These pressures will reduce banks’ available return on equity down to as little as 10% – as opposed to the 20% or so that was common in the boom years. And banks will have to be ruthless about costs even to get to that 10% ROE.  

Many have cut deeply already, so the more obvious savings are no longer there. In addition, savings from some of the big moves we have seen (for example exiting whole product areas, as UBS is doing in fixed income) will be hard to capture given shared service structures and the need to maintain coverage. As a result, banks need to explore bolder and more radical approaches to cost reduction.  

By questioning traditional assumptions about what they need to do themselves and by sharing services and infrastructure with other market players, banks can reduce cost, complexity and headcount. 

Identify services you could share 

A full-service investment typically provides a range of operational and supporting services that do not differentiate banks from their competitors – in fact differentiation here is likely to be unhelpful to customers who prefer standard workflows. The same capabilities are replicated at each major institution, with each carrying out essentially identical processes, often with the same software and tools. It makes sense to join forces with other companies in the same business and share those services and capabilities, as a number of firms already do in respect of retail banking operations (see the iPSL joint venture involving Barclays, LBG and HSBC). 

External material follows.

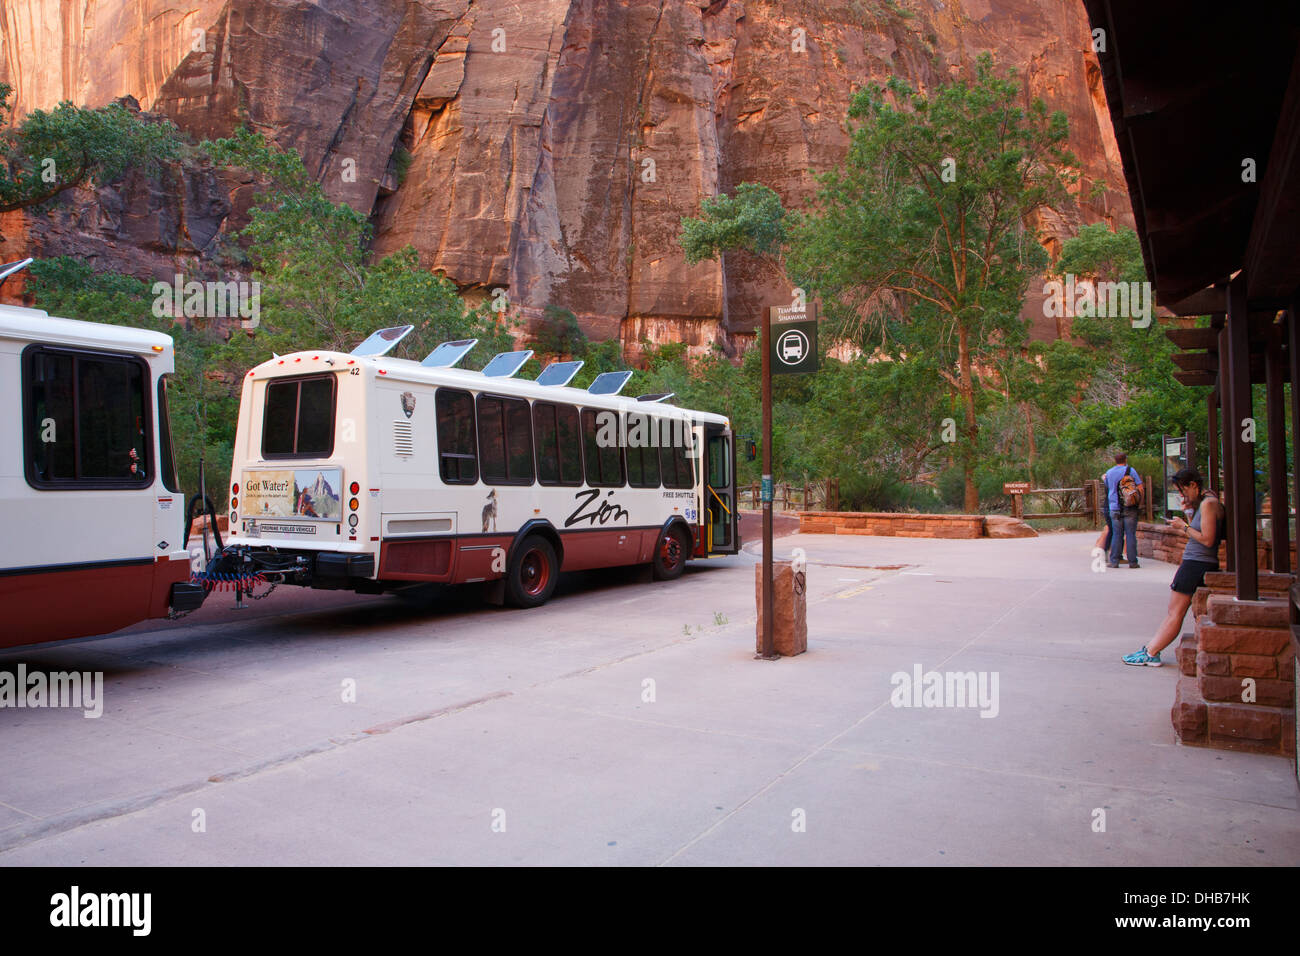 Autobus navetta presso il Tempio di Sinawava, Parco Nazionale Zion, Utah. Foto Stock

Don’t dismiss the idea of working with competitors 

If done correctly, even business-critical processes can be shared with competitors. Critical infrastructure is frequently delivered this way in other industries where competition is no less fierce: mobile telephone companies share masts, and airlines share logistical services.

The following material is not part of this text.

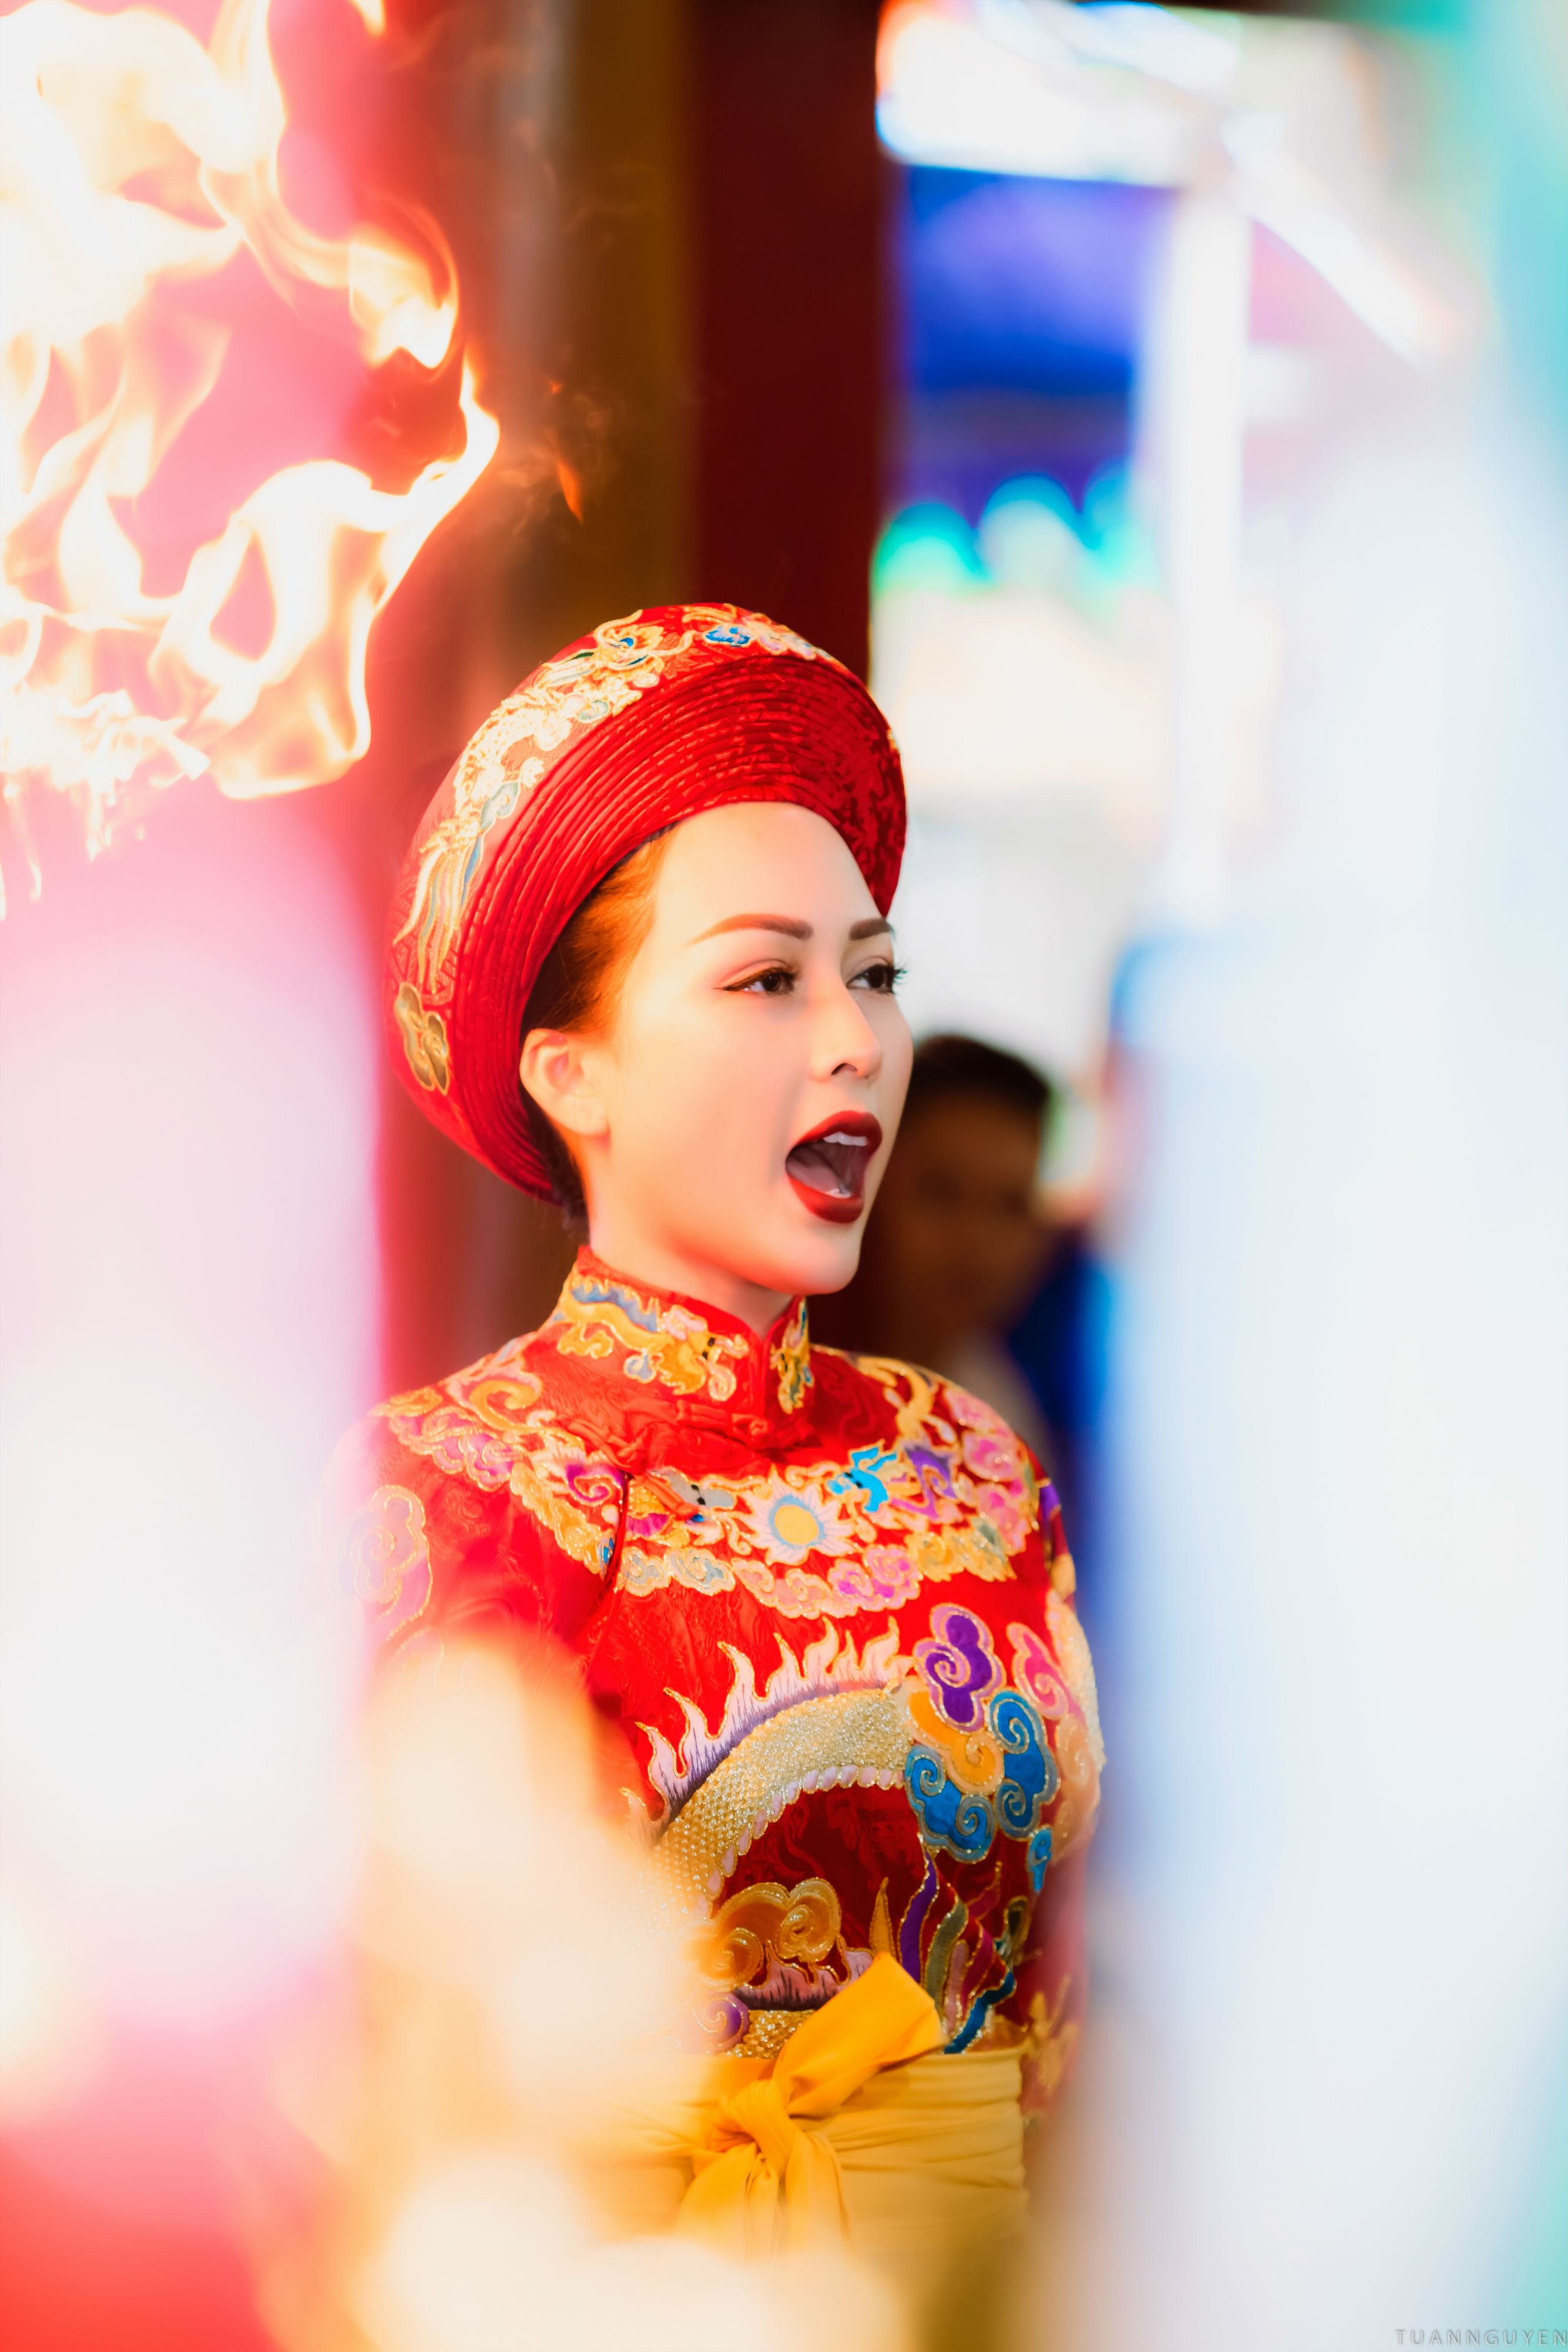 Võ Thanh Hiền tốt nghiệp Học viện Báo chí Tuyên truyền, cô trở thành MC và sau đó “bén duyên” với nghiệp diễn xuất.

Within the finance sector itself, there are already successful examples of competing organizations sharing infrastructure, for example in settlement services: CLS has operated successfully since 2002. The same model can deliver standardized operational processes to the market across a number of process areas, removing excess capacity and benefiting the industry as a whole.  

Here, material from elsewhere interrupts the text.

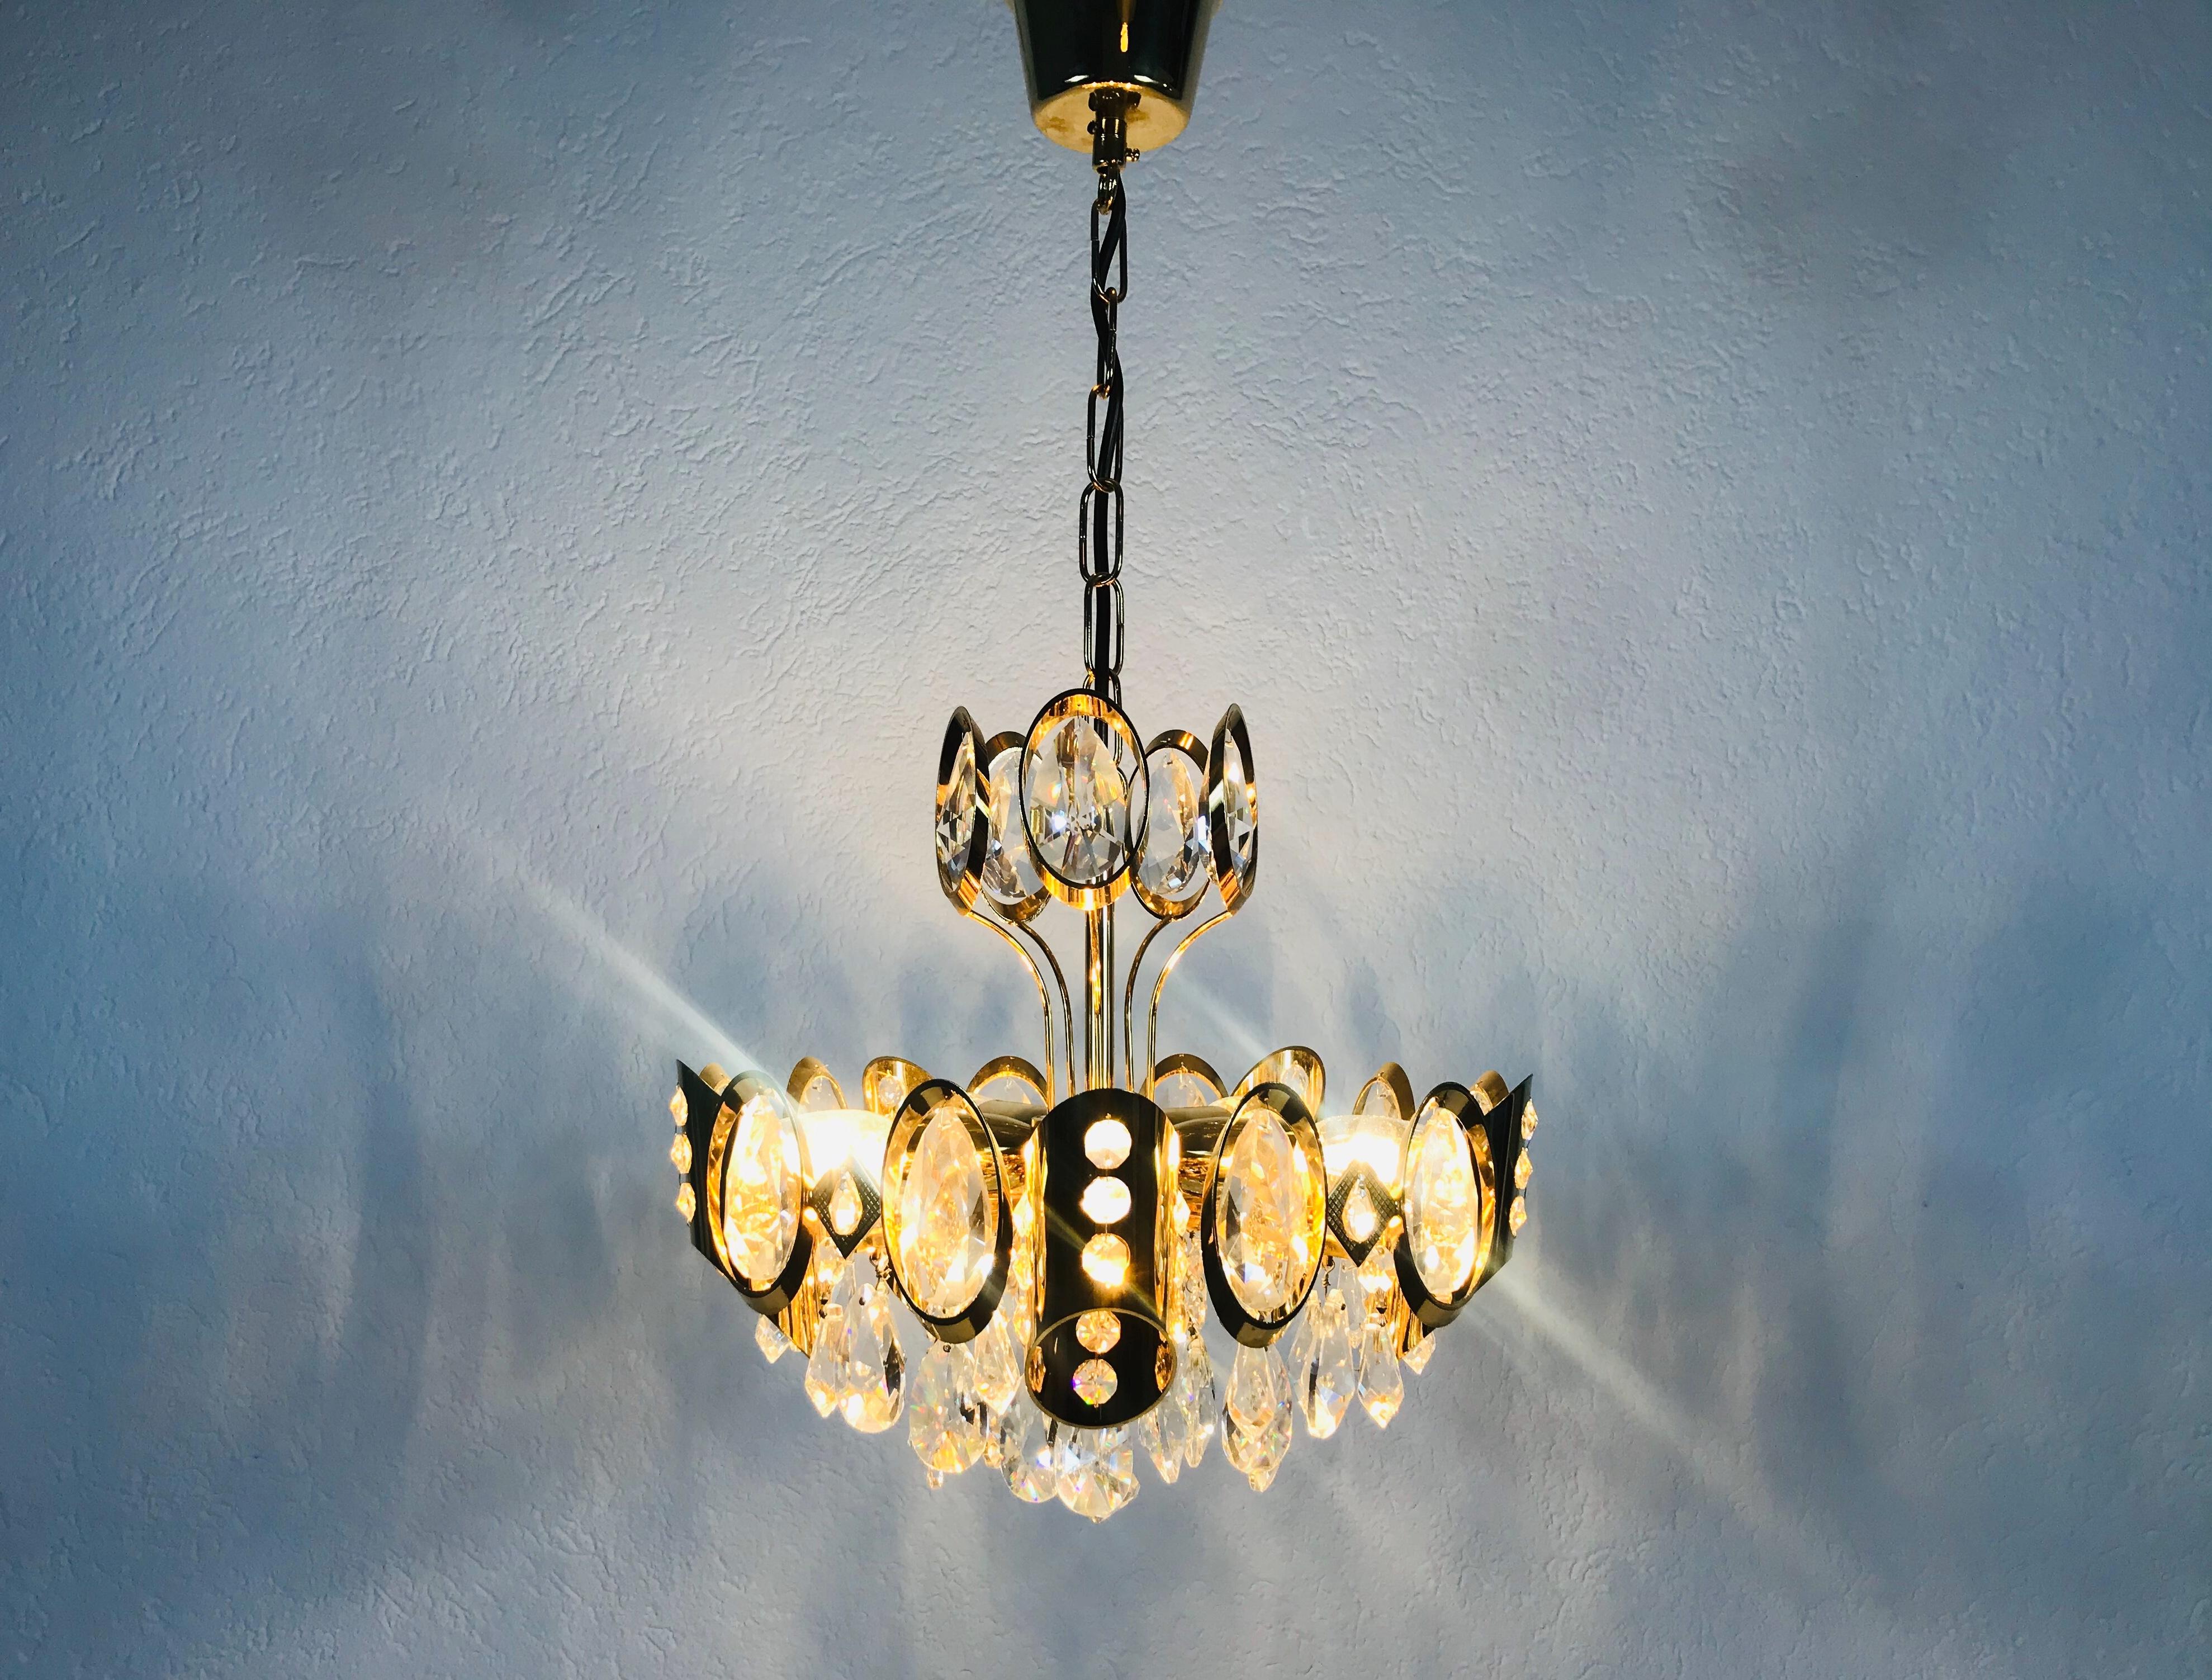 Un lustre extraordinaire de Palwa, fabriqué en Allemagne dans les années 1960. La lampe a un design très élégant. Il est réalisé dans la période de Hollywood Regency. Corps rond en laiton doré avec cinq prises E14. Le corps est entouré de cristaux

Recognize that many conditions for success are already fulfilled  

We aren’t claiming infrastructure sharing will be easy. Banks will need to collaborate intensively, and confront stakeholder resistance. That will depend on a purposeful approach and strong top-level sponsorship. 

However, many of the conditions are favorable. Current market conditions clearly provide the necessary ‘burning platform.’ Investment banks have a strong record of collaborating on initiatives that are important to the whole industry: a case in point is the development and expansion of clearing services for over-the-counter (OTC) derivatives markets over recent years. 

The financial services industry stands to gain substantial benefits from pooling operational services. Banks can increase ROE while focusing on competing with each other in areas where differentiation is possible and desirable.